Laparoscopic surgery has grown its age as more and more elective and emergency abdominal surgeries are being performed with the advantage of less postoperative pain, faster recovery, and early return to work. With increasing experience and skills horizon also expanded to unusual conditions apart from acute appendicitis, hollow viscus perforation, and obstruction.

Over the last three decades, a number of studies have reported its role in diagnosis with accuracy rates of between 86–100%,68 and with accumulated surgical experience and skills a large number of patients managed exclusively with a laparoscopic approach.9,10 Its role has come a big way in selected patients with penetrating abdominal trauma who are hemodynamically stable as in a large number of cases, there is no peritoneal breach, and the need for emergency laparotomy is safely negated on the basis of laparoscopic findings.1113 In literature, most of the studies on the role of laparoscopy are for common emergencies such as acute appendicitis, hollow viscus perforation, and acute diverticulitis.

Our first case, who presented with anaphylactic shock, was subsequently diagnosed with a case of ruptured hepatic hydatid cyst was safely managed by emergency approach. In the second case, laparoscopy has helped to assess the viability of the gastric wall and subsequent reduction and repair of diaphragmatic rent.

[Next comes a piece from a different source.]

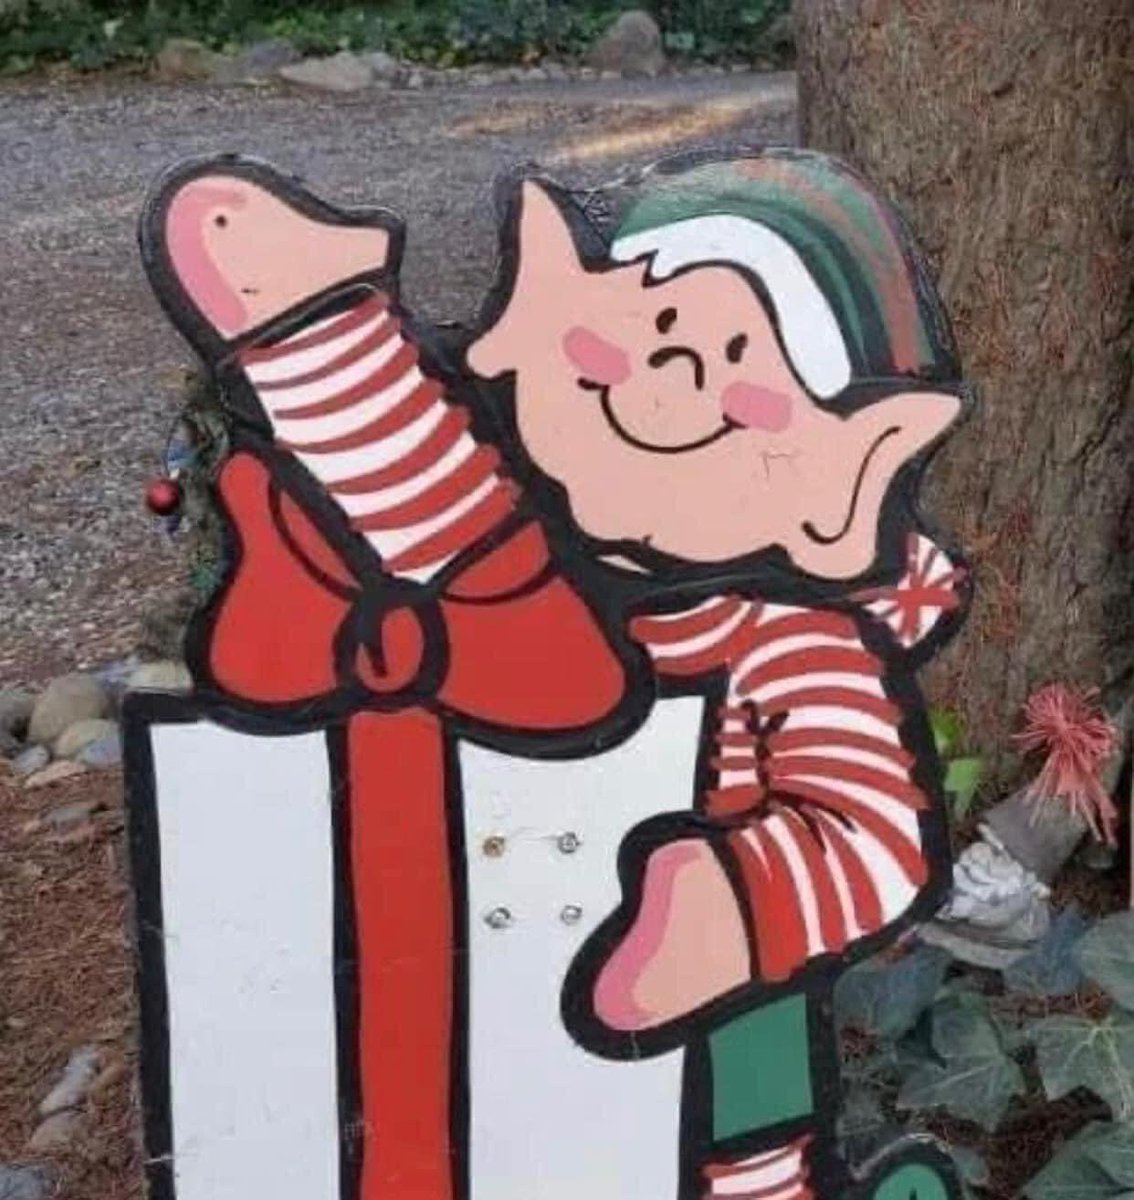 'When you realize the elf's handiwork is a bit too... 'hands-on' for family-friendly decor!'

In the last patient of blunt abdominal trauma, splenic laceration was safely managed by avoiding the need for laparotomy and with splenic preservation.

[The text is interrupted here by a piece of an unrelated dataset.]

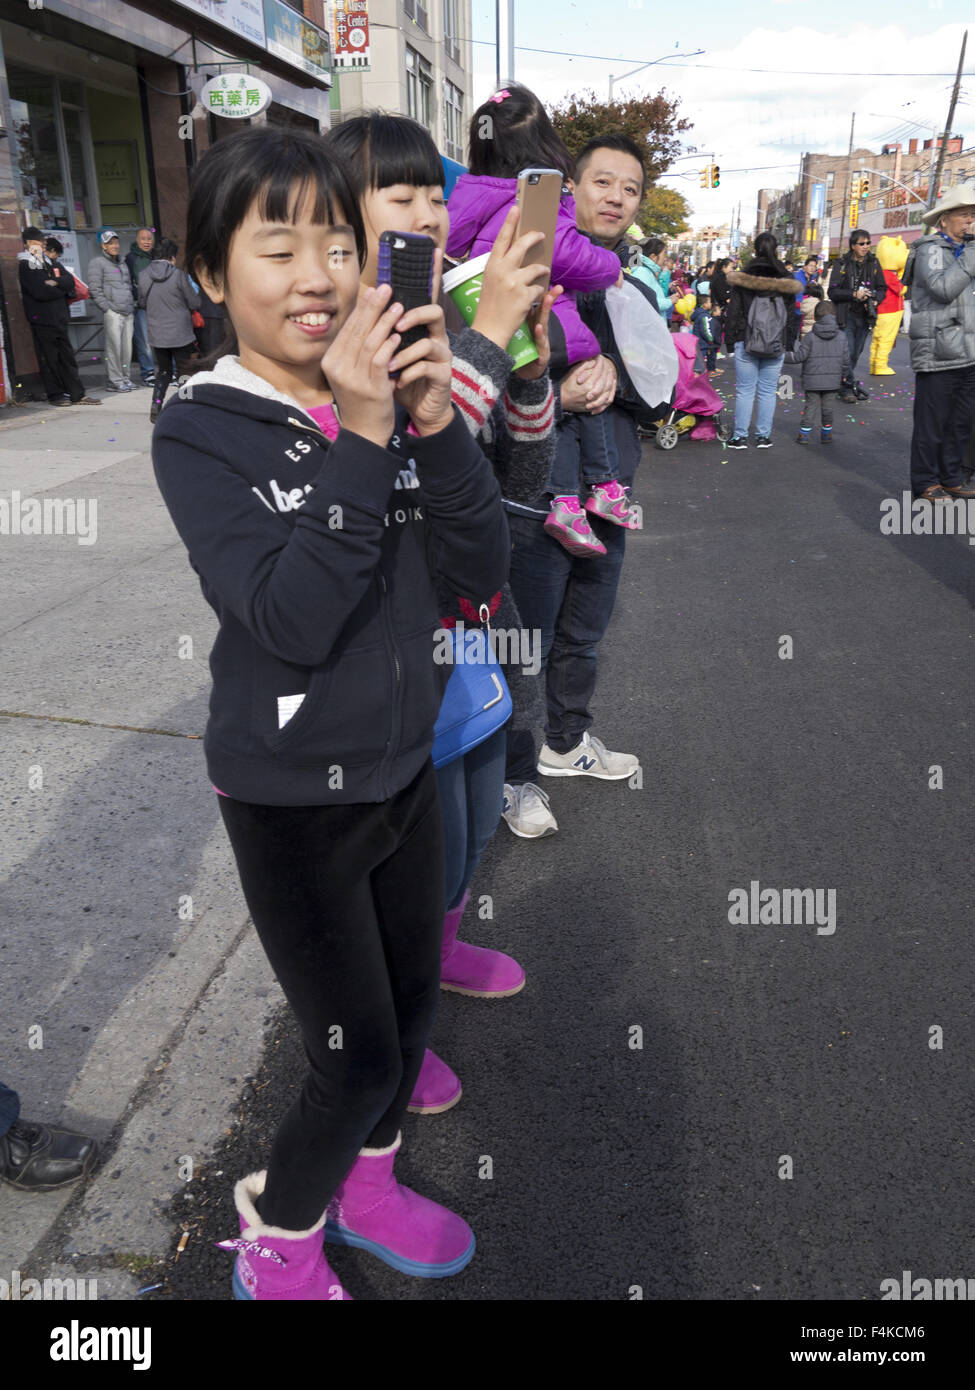 China-Tage-Festival und Laterne Parade in "Kleine Chinatown" in Sunset Park in Brooklyn, NY, Oct.18, 2015. Stockfoto

To conclude with available expertise and skills a myriad of abdominal emergencies can be managed successfully with a laparoscopic approach with minimal postoperative morbidities and high patient satisfaction as the benefits of laparoscopy in the emergency setting are compatible with those of elective surgery (less requirement of pain killer, shorter hospital stay, less abdominal wall complications, and early return to work). Laparoscopy is only a means of surgical approach and should not alter the procedure itself. Conversion to open should not be considered a failure but a technical option whenever required. It is emphasized that role of a laparoscopic approach is only valid where experienced and sufficient expertise in minimal-access surgery available.